В Ичендзы артиллеристы сгрузили подобранные пушки и зарядные ящики. Здесь же сошли и охотники Четырнадцатого полка; а эшелон двинулся дальше.
Было около полуночи, когда наконец поезд пришел в Артур. Станция была — едва освещена. Солдаты железнодорожной роты, обслуживающие вокзал, с фонарями в руках подошли к эшелону.
— Никак, и в самом деле притопали до места, — выглянул из вагона Блохин. — Вылазить надо, Тимофеич, — обернулся он к Родионову, дремавшему в углу.
— Пошевели народ, Филя, а то мне что-то недужится, — отозвался фейерверкер.
— Артиллеристы-стрикулисты, стрелочки-дружочки, катись из вагонов! — заорал Блохин, соскакивая на землю. — Живо свое добро выгружай!
Сонные солдаты стали лениво вылезать из вагонов.
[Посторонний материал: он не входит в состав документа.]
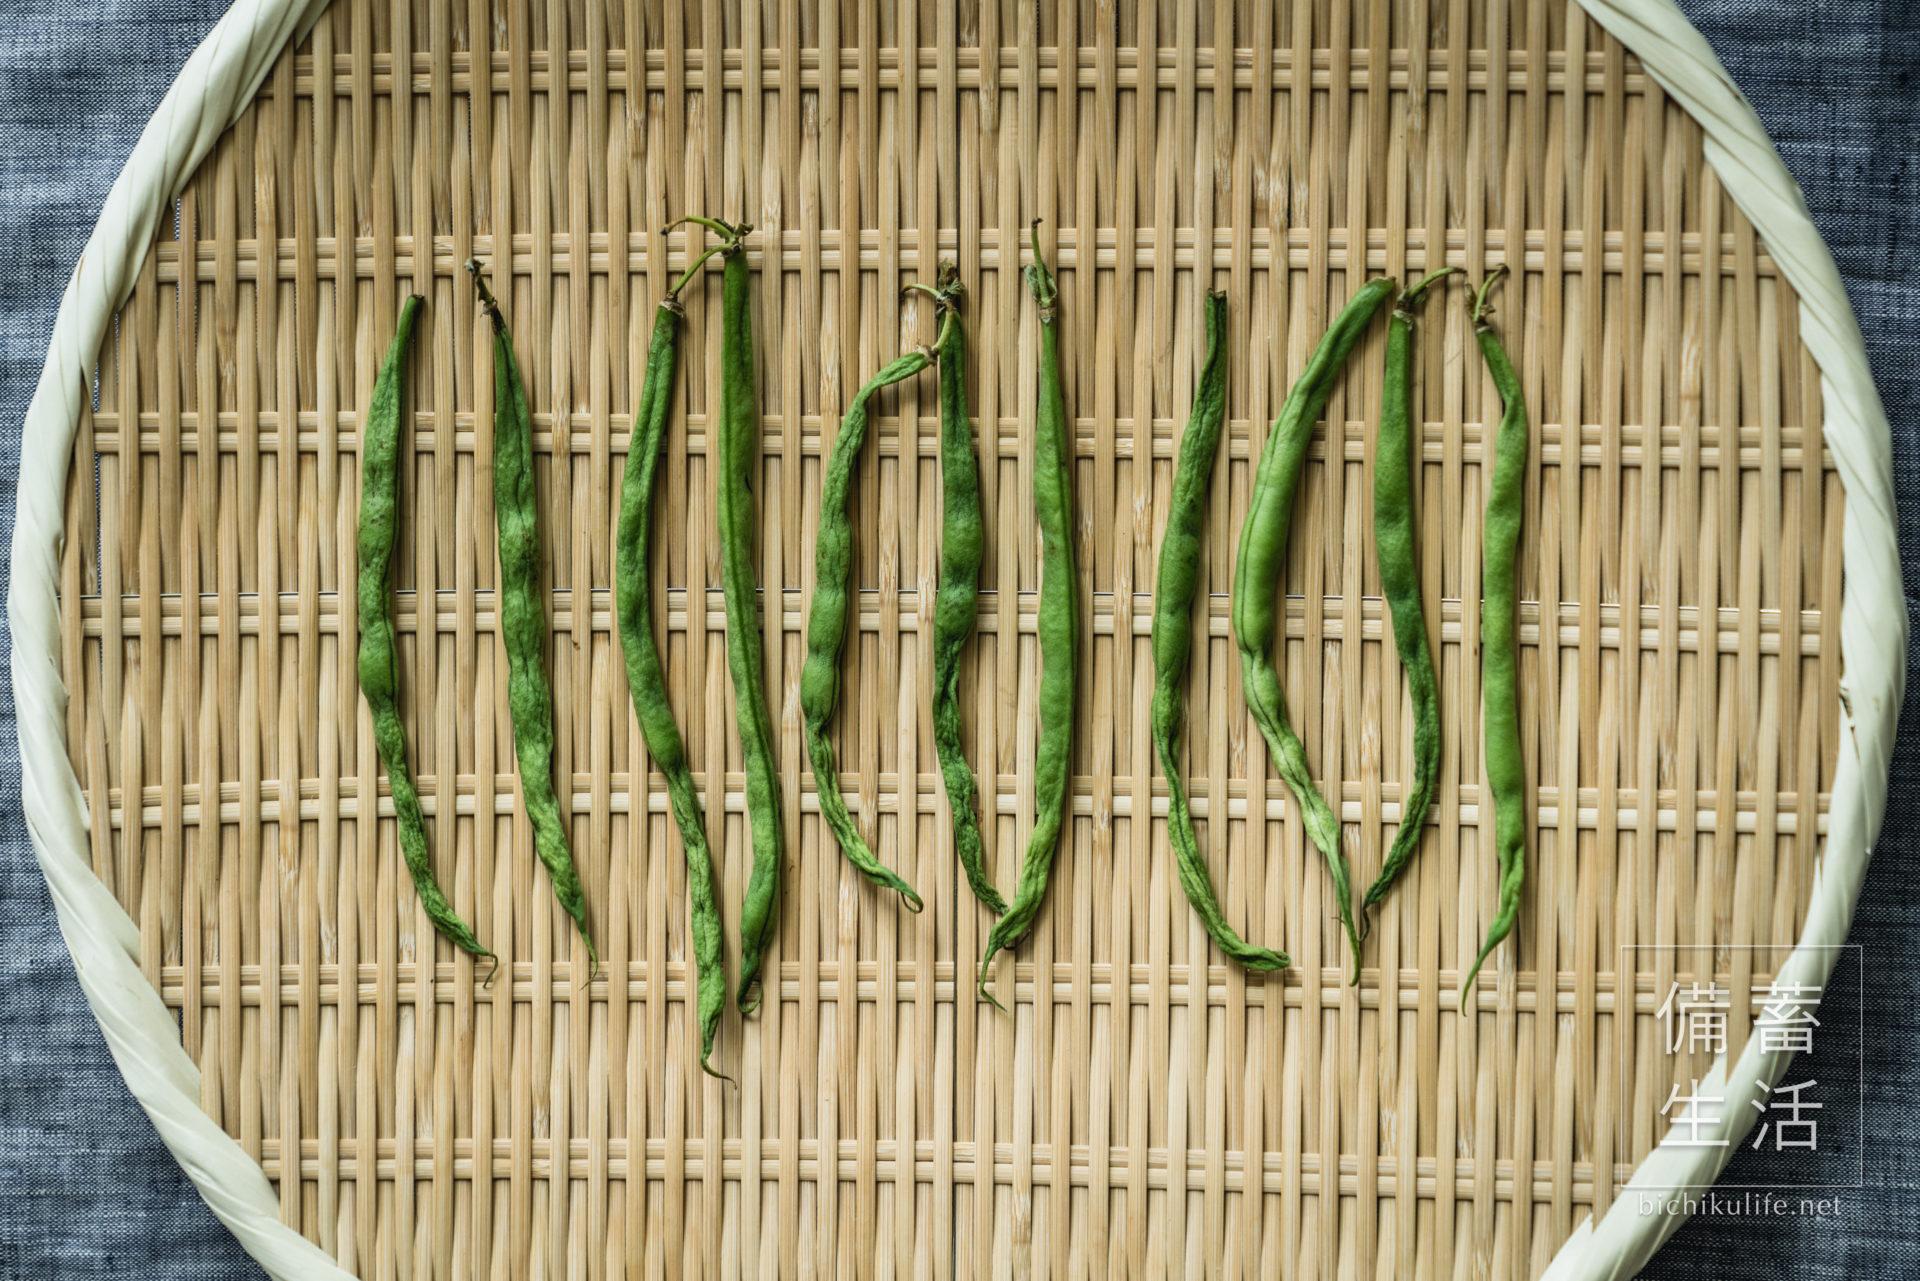 さやいんげん 干し野菜づくり -干しサヤインゲン-さやえんどう 干し野菜づくり -干しサヤエンドウ-
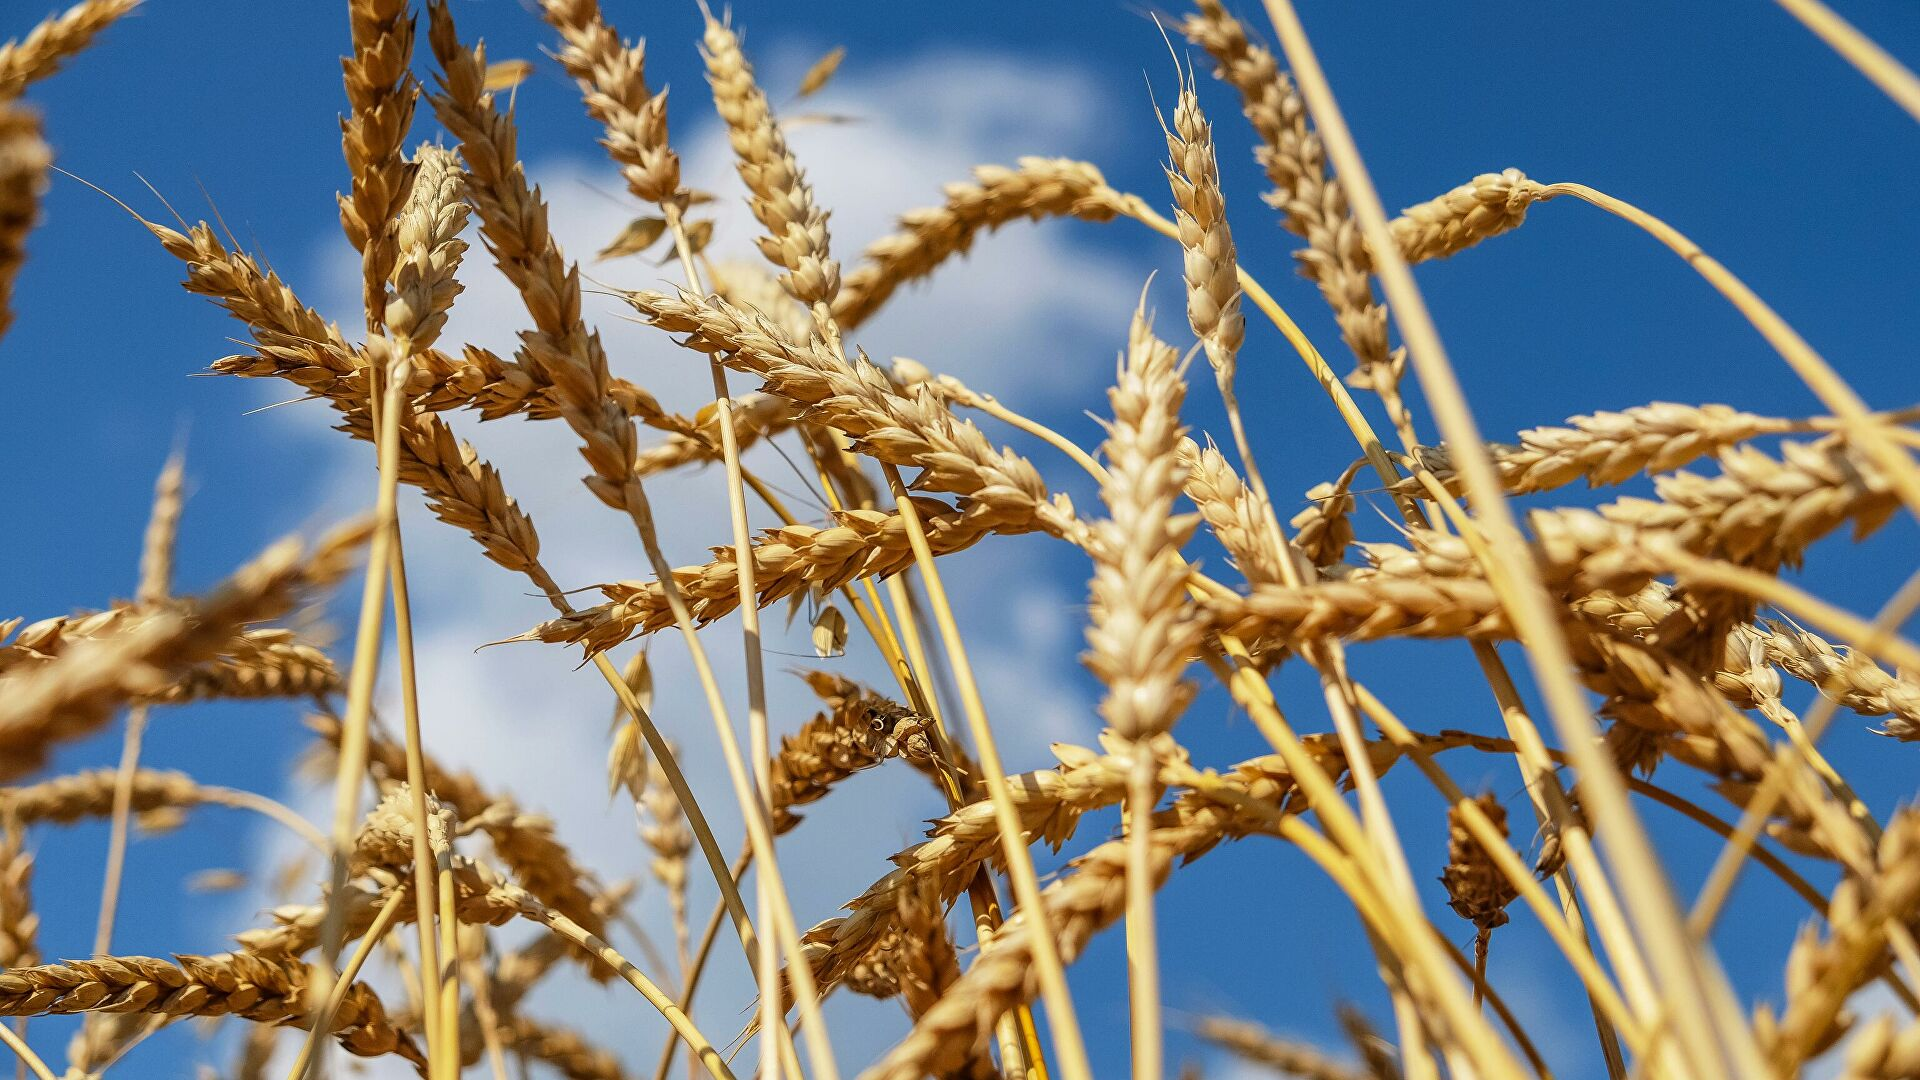 САД предвиђају Русији једну од најбољих жетви пшенице у историји

Варя с врачом лазарета отправилась на вокзал вызывать подводы для перевозки раненых.
Заяц с Белоноговым и Мельниковым с помощью других утесовцев выгружали свои трофеи: походные кухни, четыре коровы, три лошади и санитарную двуколку.
Когда все было выгружено, артиллеристы и стрелки построились на площади перед вокзалом.
— Пересчитай людей, — приказал Звонарев.
— Сорок два артиллериста и сто тридцать стрелков, — доложил Родионов.
— Напра-во! Шагом марш! — скомандовал прапорщик.
Солдаты, обрадованные возвращением в Артур, с места двинулись бодрым, широким шагом.
— Песельники, вперед! Белоногов, запевай! — распорядился Звонарев,
Пошептавшись о чем-то с солдатами, запевала бодро затянул неожиданную импровизацию:
Артурские вершины,
Я вас вижу вновь,
Цзинджоуские долины —
Кладбище удальцов.
Тревожа спящий Артур, все дружно подхватили песню под молодецкий посвист Блохина. В ответ во всех концах города громко залаяли обеспокоенные собаки да испуганно шарахнулся в сторону встречный ночной патруль.
— Какая часть идет? — окликнули их из темноты подъехавшие всадники.
— Сводная рота Квантунской крепостной артиллерии и стрелки Пятого полка возвращаются из-под Цзинджоу, ваше превосходительство, — ответил Звонарев, узнавший по голосу Кондратенко.
— Смотрите, ваше превосходительство, какими они идут молодцами. Кто же скажет, что эти части только вчера потерпели тяжелое поражение? — обратился к Кондратенко его начальник штаба подполковник Науменко.
— Я же все время говорю, Евгений Николаевич, что под Цзинджоу потерпели поражение не наши полки, а наши генералы и штабы. Вид этих стрелков и артиллеристов целиком подтверждает мое утверждение, — ответил генерал.
После того как прошли набережную и доки, сводный отряд Звонарева разделился: стрелки свернули налево в казармы Десятого полка, где они должны были переночевать, артиллеристы, за исключением утесовцев, направились в Артиллерийский городок, а оставшиеся утесовцы двинулись дальше.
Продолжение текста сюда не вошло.